Let us take an example with positive definite symmetric matrices, called tensors in medical image analysis. They are used for instance to encode the covariance matrix of the Brownian motion (diffusion) of water in Diffusion Tensor Imaging (DTI) [8, 40] or to encode the joint variability at different places (Green function) in shape analysis (see [2931] and Sect. 4). They are also widely used in image analysis to guide the segmentation, grouping and motion analysis [16, 47, 73, 74].
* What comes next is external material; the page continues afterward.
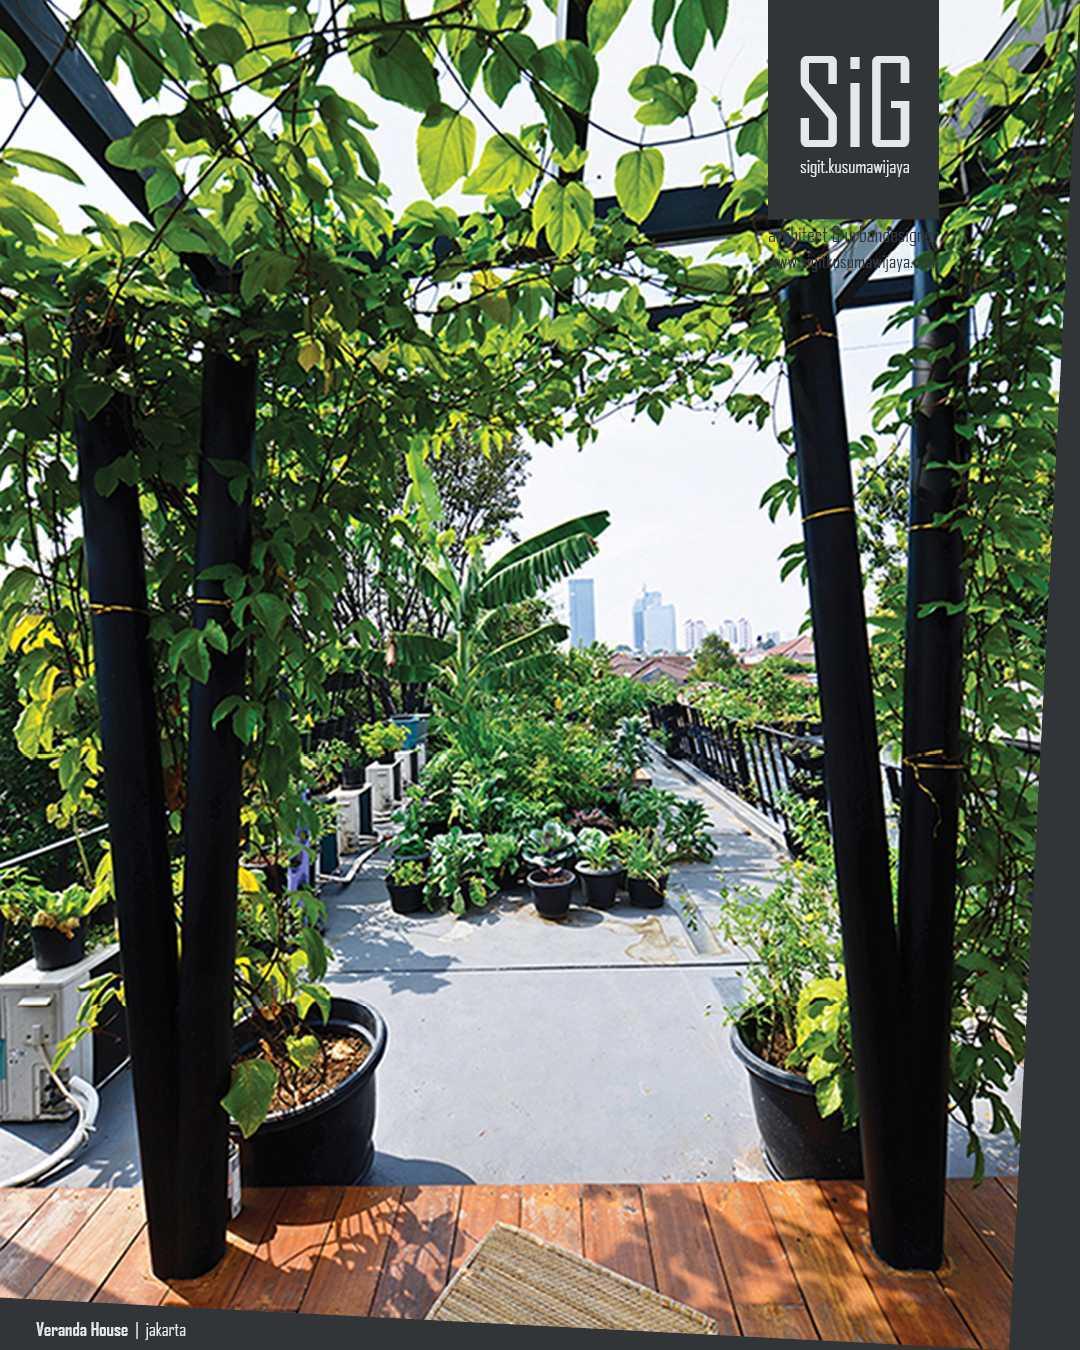 Sigit.kusumawijaya | Architect & Urbandesigner Rumah Beranda - Green Boarding House Cipete, South Jakarta, Indonesia Cipete, South Jakarta, Indonesia Sigitkusumawijaya-Architect-Urbandesigner-Rumah-Beranda-Green-Boarding-House Tropis 55010

The main problem is that the tensor space is a manifold that is not a vector space with the usual additive structure. Indeed, the positive definiteness constraint delimits a convex half-cone in the vector space of symmetric matrices. Thus, convex operations (like the mean) are stable in this space but problems arise with more complex operations. For instance, there is inevitably a point in the image where the time step is not small enough when smoothing fields of tensors with gradient descents, and this results into negative eigenvalues.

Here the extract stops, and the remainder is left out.